Testing Binary Population Synthesis Models with Hot Subdwarfs
Richard A. Wade, Ravi kumar Kopparapu (Penn State)

TL;DR
This paper evaluates binary star evolution models by comparing predicted populations of hot subdwarfs with observed data, highlighting the potential for discovering hidden populations through wide-field surveys.
Contribution
It introduces a method to distinguish observable and hidden hot subdwarfs in binary systems and assesses the completeness of current catalogs.
Findings
Current catalogs may be incomplete, missing hidden sdB populations.
Wide-field surveys like 2MASS, SDSS, and GALEX can help identify hidden sdBs.
Models successfully explain short-period sdB systems but less so for long-period ones.
Abstract
Models of binary star interactions have been successful in explaining the origin of field hot subdwarf (sdB) stars in short period systems, but longer-period systems that formed via Roche-lobe overflow (RLOF) mass transfer from the present sdB to its companion have received less attention.
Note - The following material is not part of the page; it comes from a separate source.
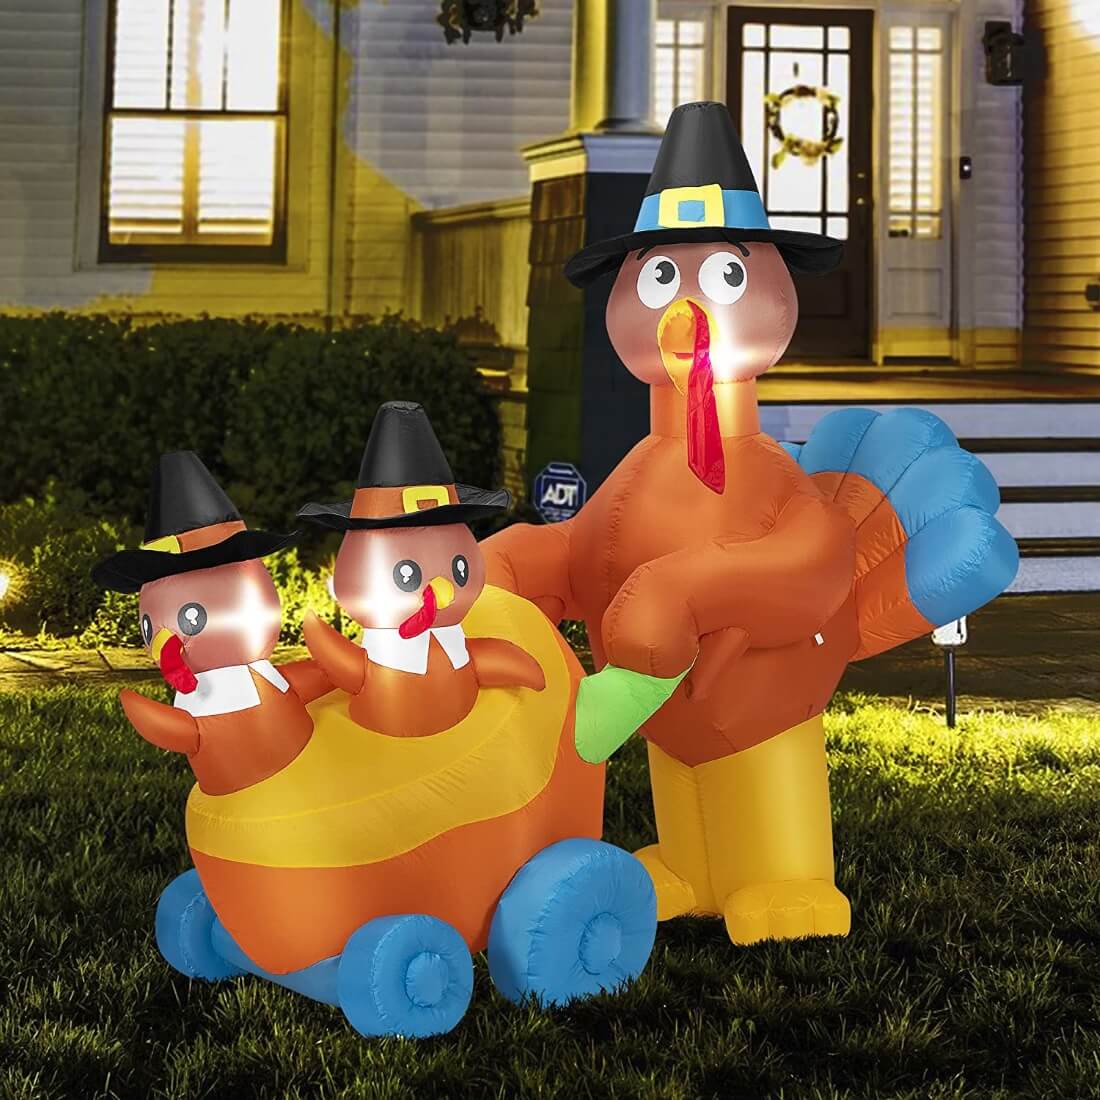 VIVOHOME 5ft Height Happy Thanksgiving Inflatable Turkey with 2 Turkey Chicks in a Cart Built-in LED Lights Blow up Outdoor Lawn Yard Decoration

We map sets of initial binaries into present-day binaries that include sdBs and main-sequence stars, distinguishing "observable" sdBs from "hidden" ones. We aim to find out whether (1) the existing catalogues of sdBs are sufficiently fair samples of all the kinds of sdB binaries that theory predicts; or instead whether (2) large predicted hidden populations mandate the construction of new catalogues, perhaps using wide-field imaging surveys such as 2MASS, SDSS, and Galex. We also report on a pilot study to identify hidden subdwarfs, using 2MASS and GALEX data.